By industry standards, Blab has a pretty good prediction rate, and as a real-time marketing tool, it definitely provides value to both the marketing and PR functions of a brand. However, as a social media management tool, Blab can't compare to Spredfast's Spark capabilities, which not only has the predictive analytics, it also allows real-time engagement and content management within the platform.
Blab is much more of an advanced social media listening tool, which means it can confidently take on the likes of Radian6 and Brandwatch and win.

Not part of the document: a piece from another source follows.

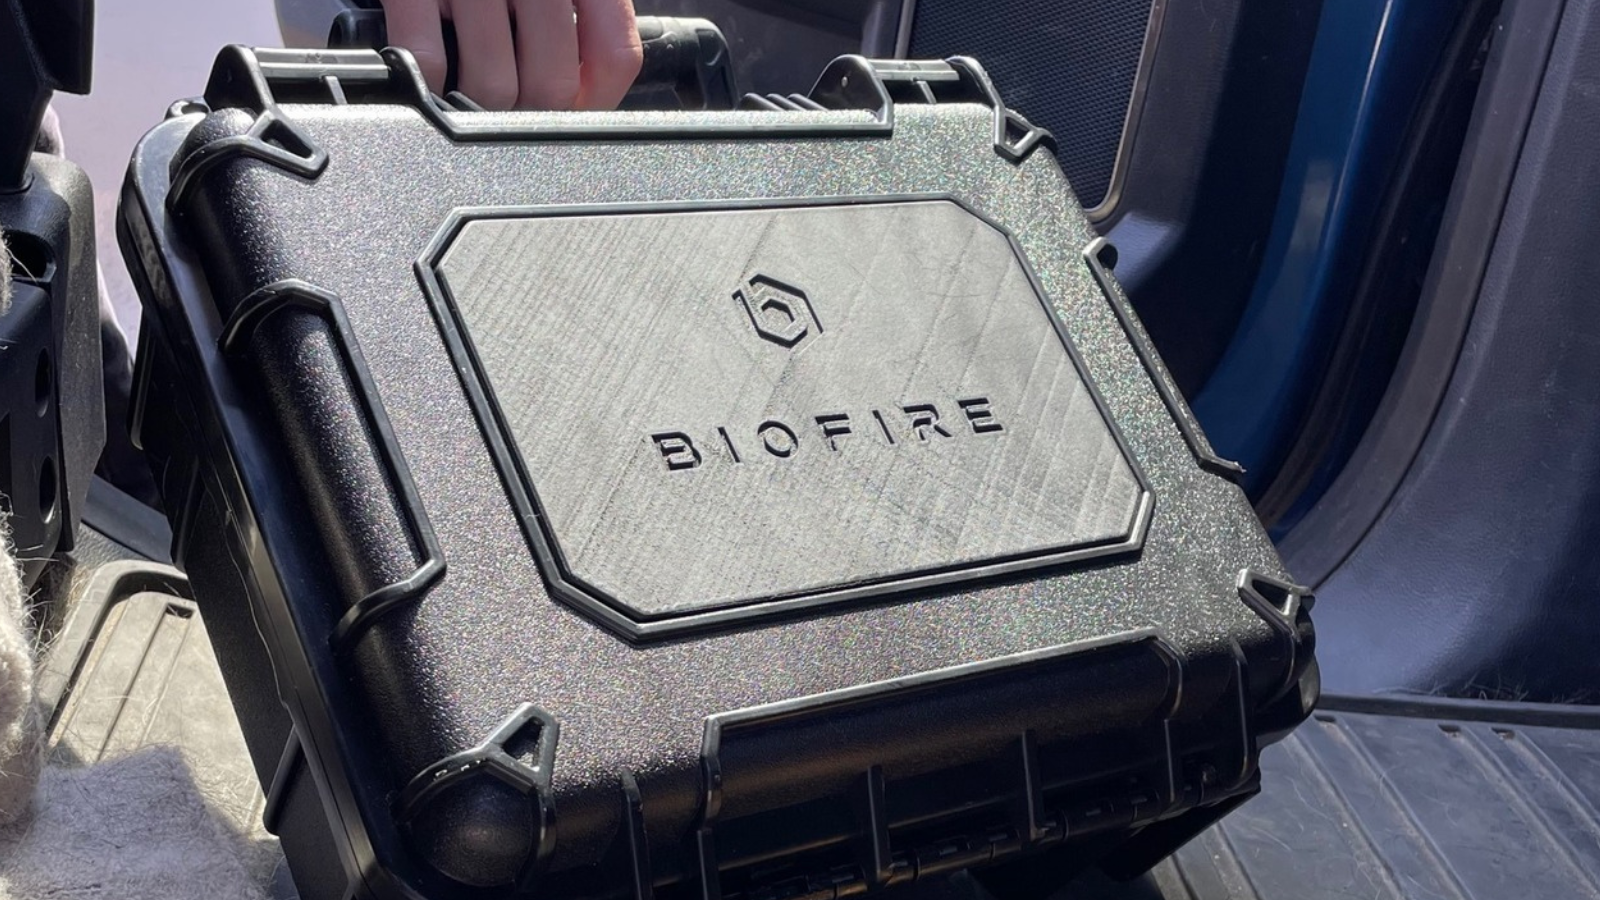 A person taking a Biofire gun case out of a car.

It extends its listening capabilities outside the expected social media territories of Facebook and Twitter, and it also does it in languages other than English, which is especially useful for global brands.
The edge Radian6 now holds of course is the integration with Buddy Media, which allows the user to not just listen to the conversation, but engage with it through the platform too. That's where Blab falls short. It currently does not provide he capability for real-time engagement within the platform, or some sort of integration with a social media content publishing tool. However, as a listening platform, it is extremely powerful and with a clean, easy to understand user-interface, it's an attractive proposition for marketers who want to consistently be two steps ahead of every conversation.